• [Collected data]
"""

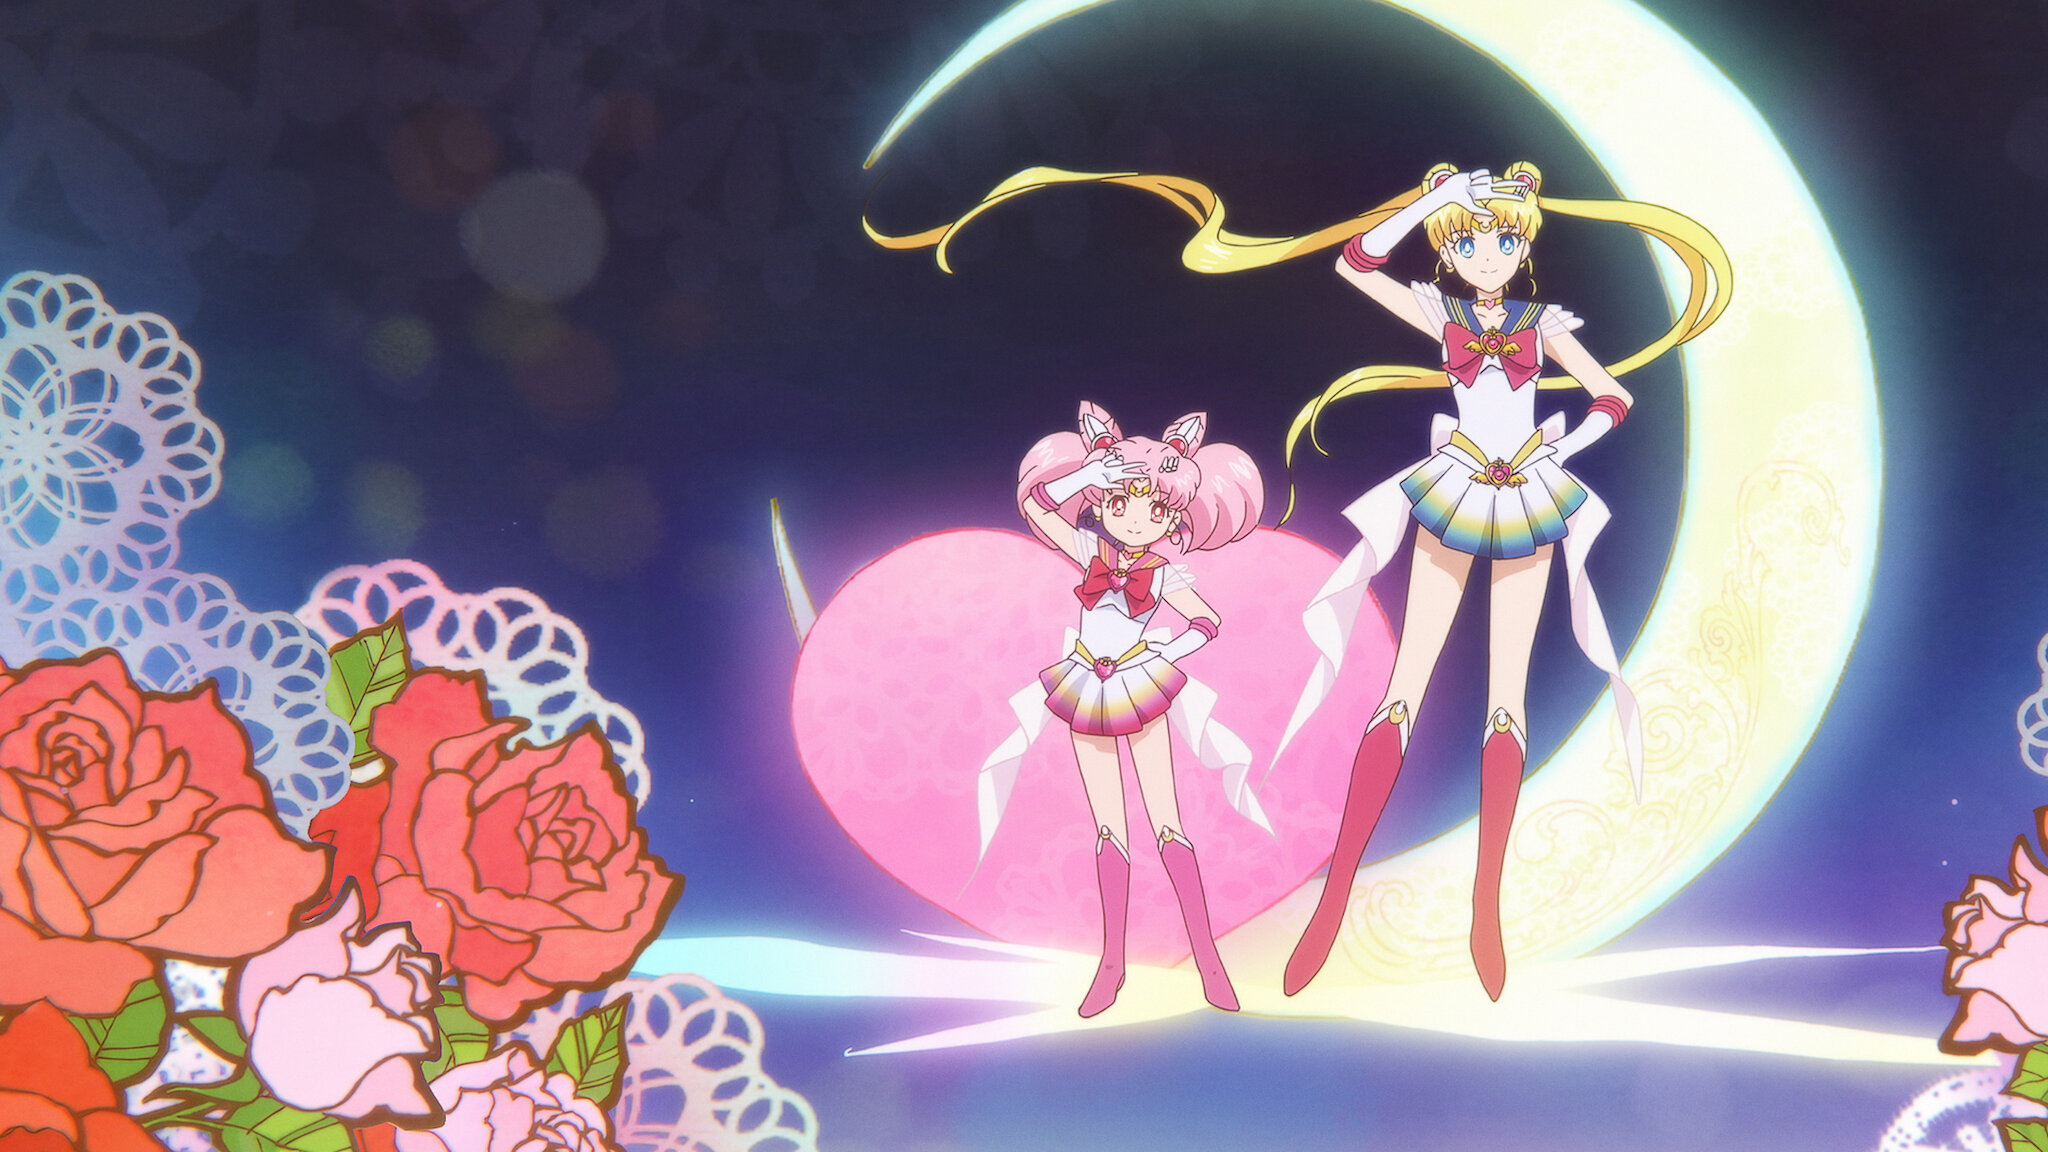 代表月亮消灭你！Sailor Moon Eternal 剧场版电影上线 Netflix (6/3)
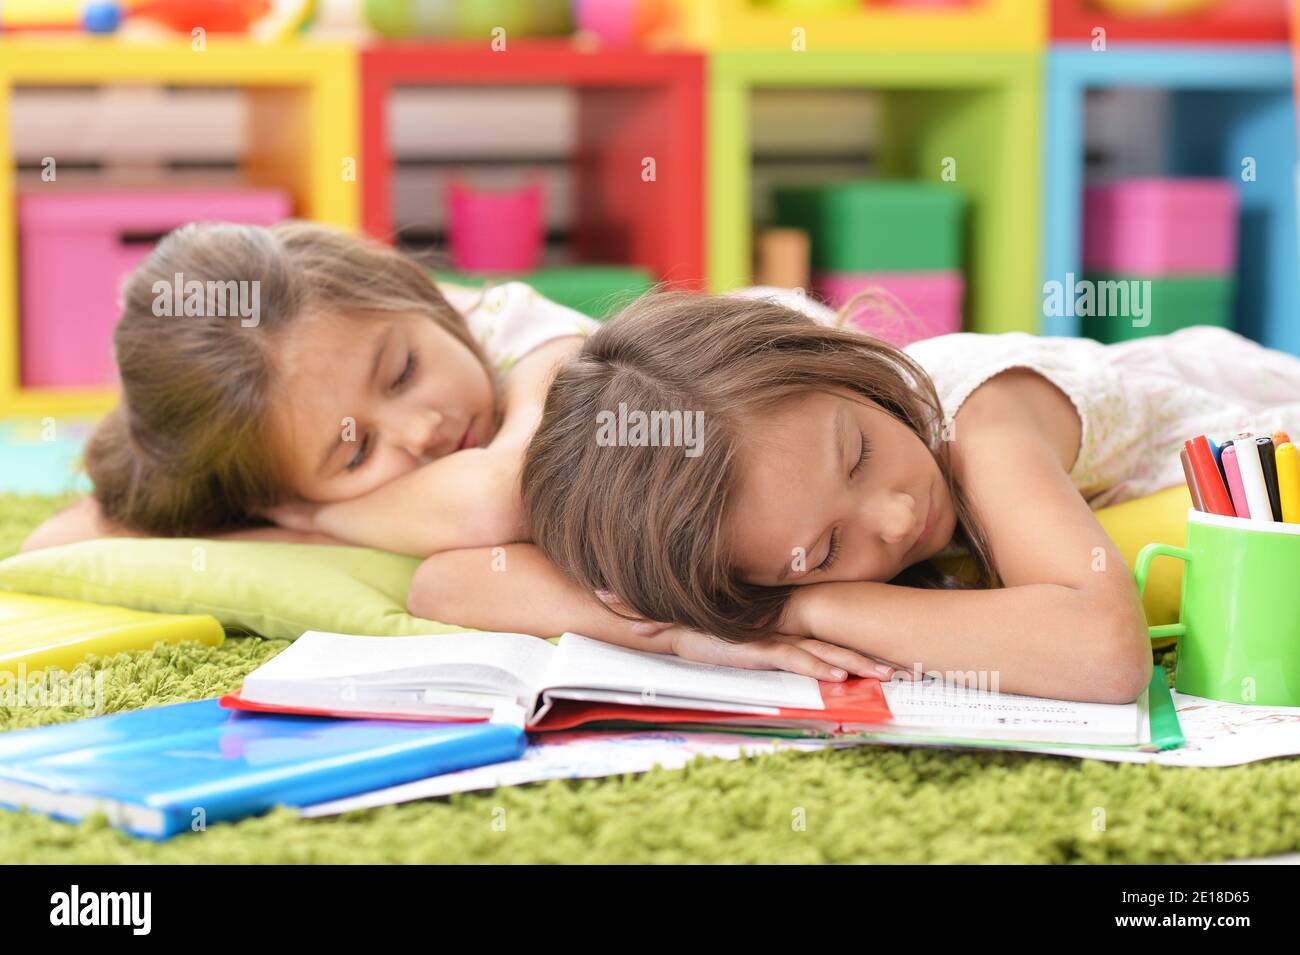 маленькие девочки спят порно рассказы фото 31
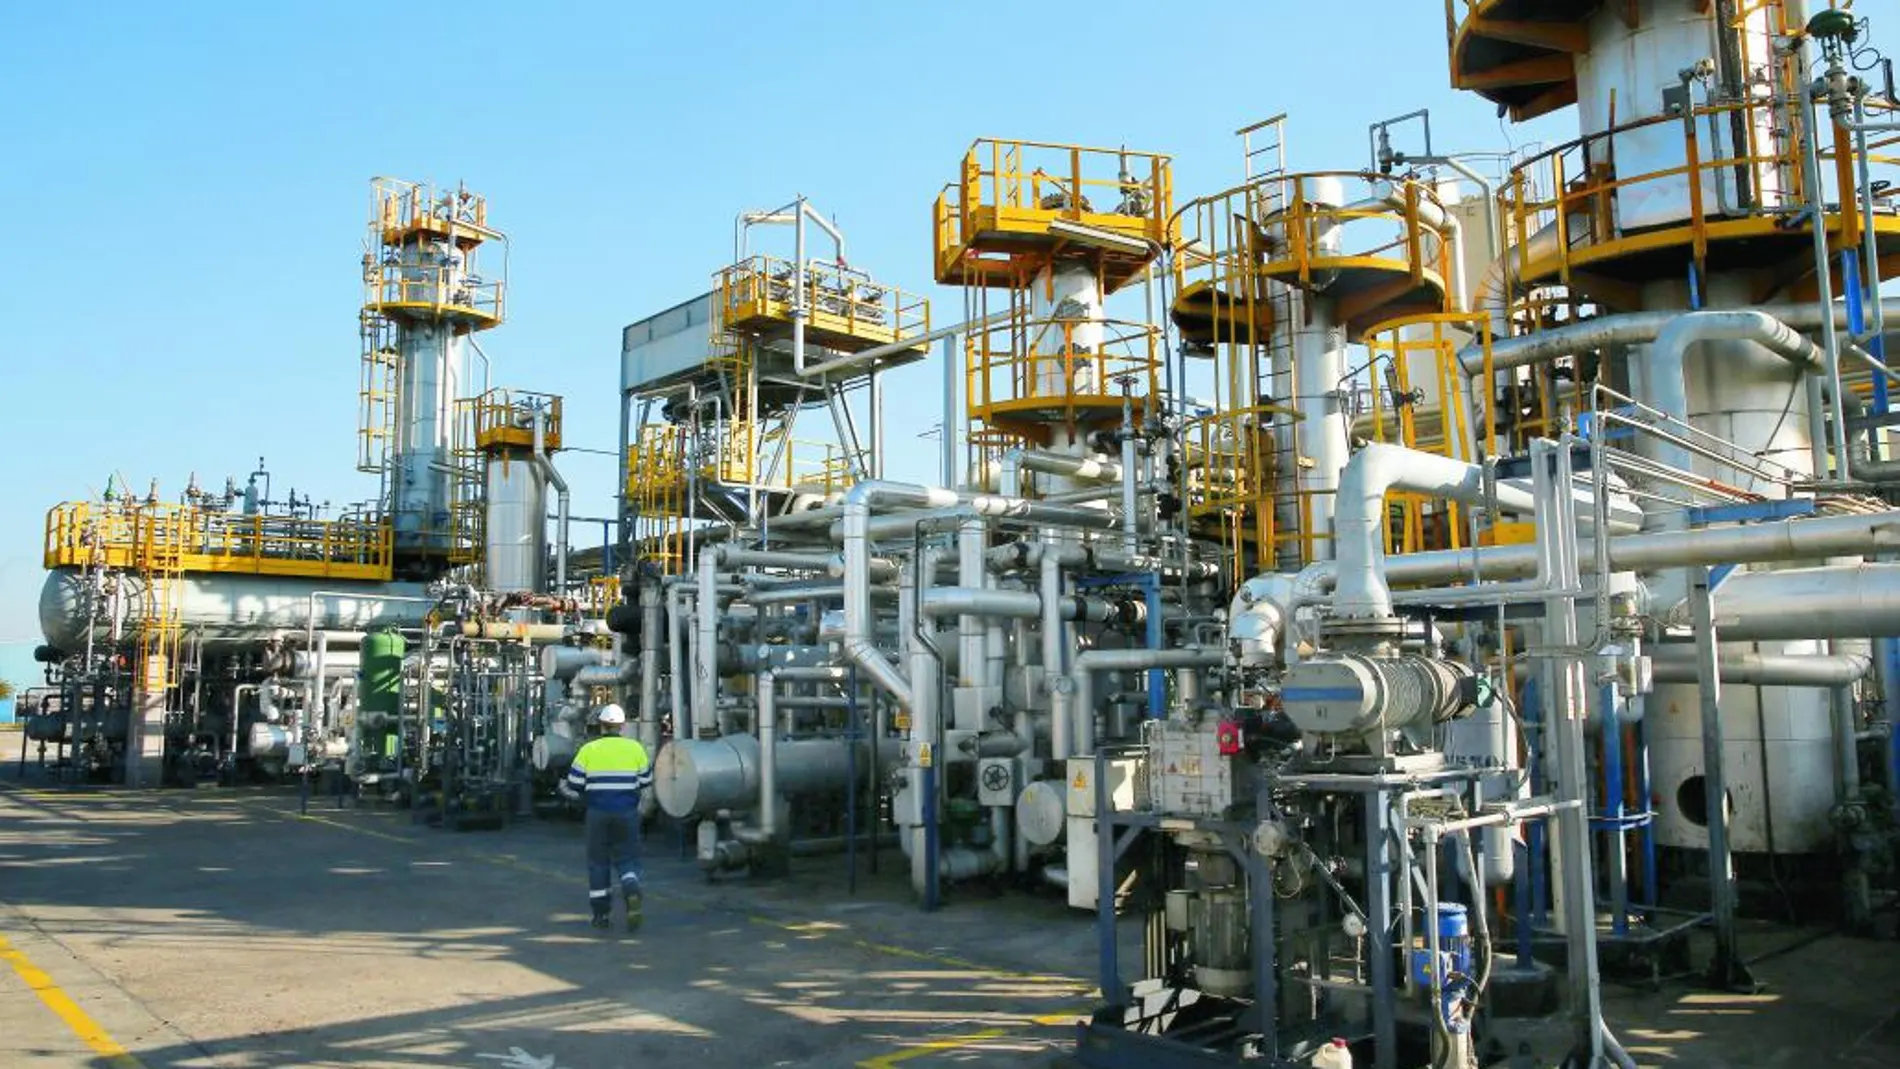 Planta de regeneración de aceite industrial usado de Sertego situada en Fuenlabrada (Madrid
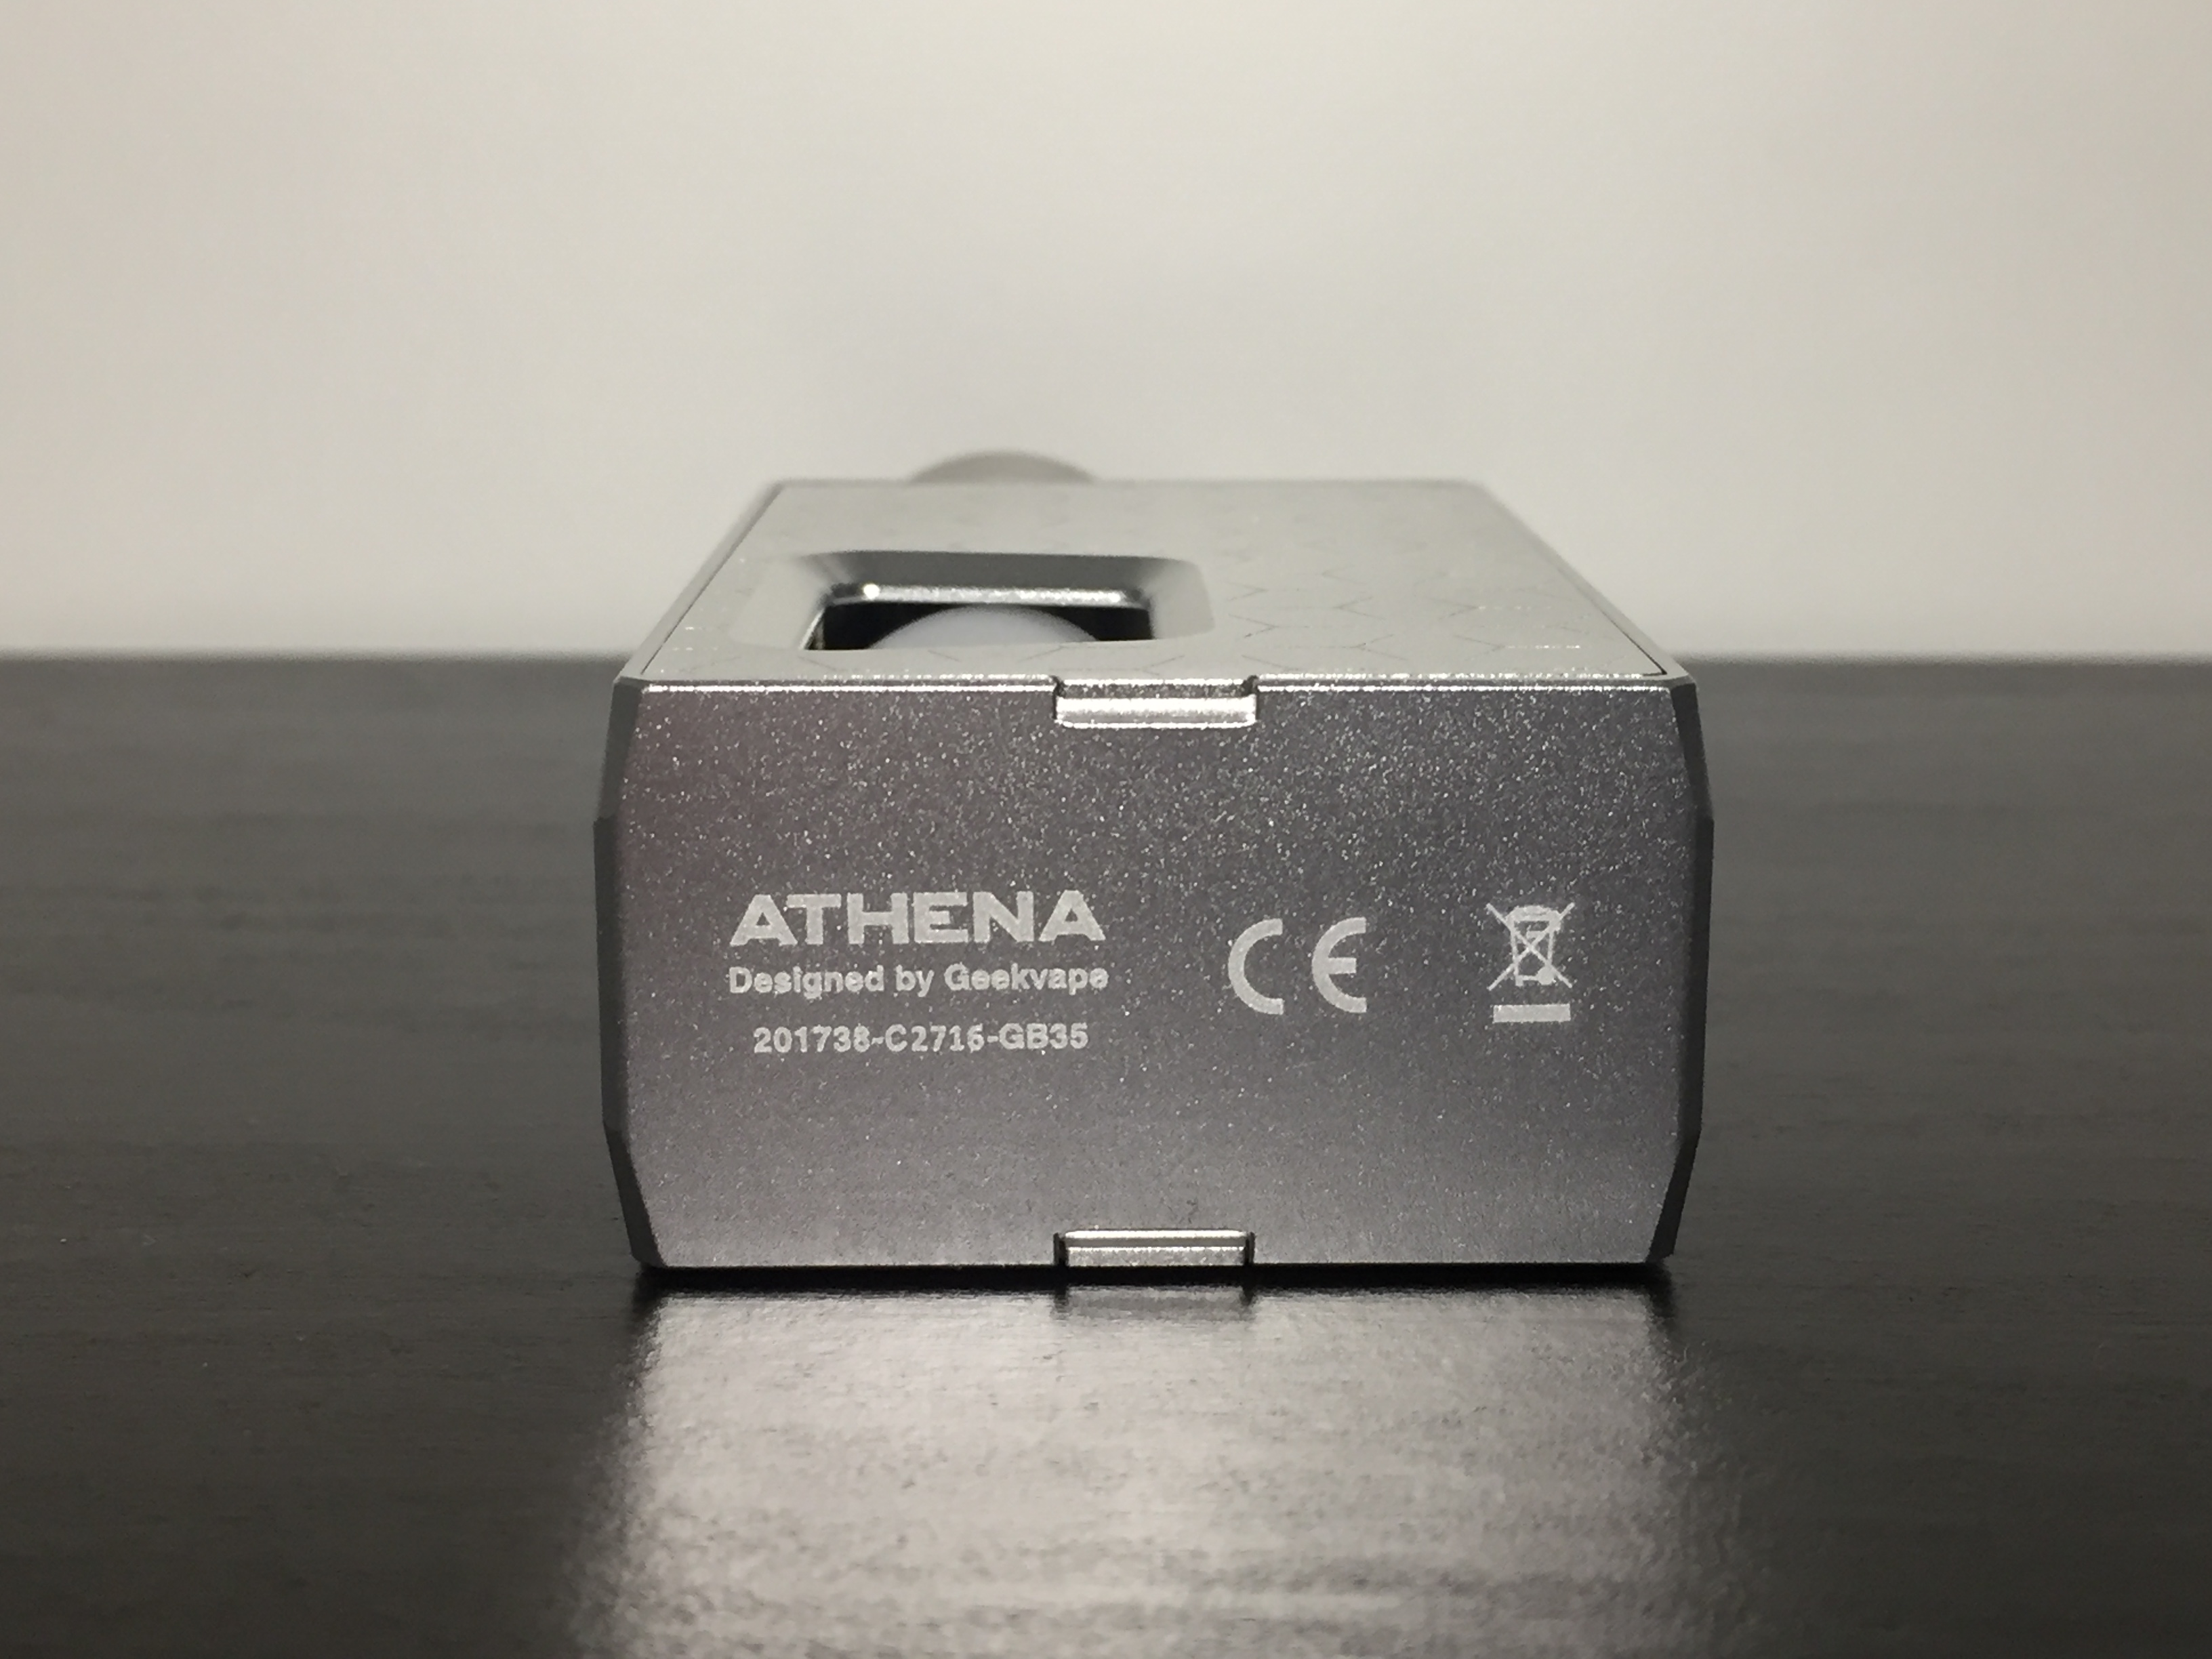 Athena-squonk-kit-27

"""

• [Directions for this task] Return the full set of lines above word for word and with no pictures.

• [Task output]
 代表月亮消灭你！Sailor Moon Eternal 剧场版电影上线 Netflix (6/3)
 маленькие девочки спят порно рассказы фото 31
 Planta de regeneración de aceite industrial usado de Sertego situada en Fuenlabrada (Madrid
 Athena-squonk-kit-27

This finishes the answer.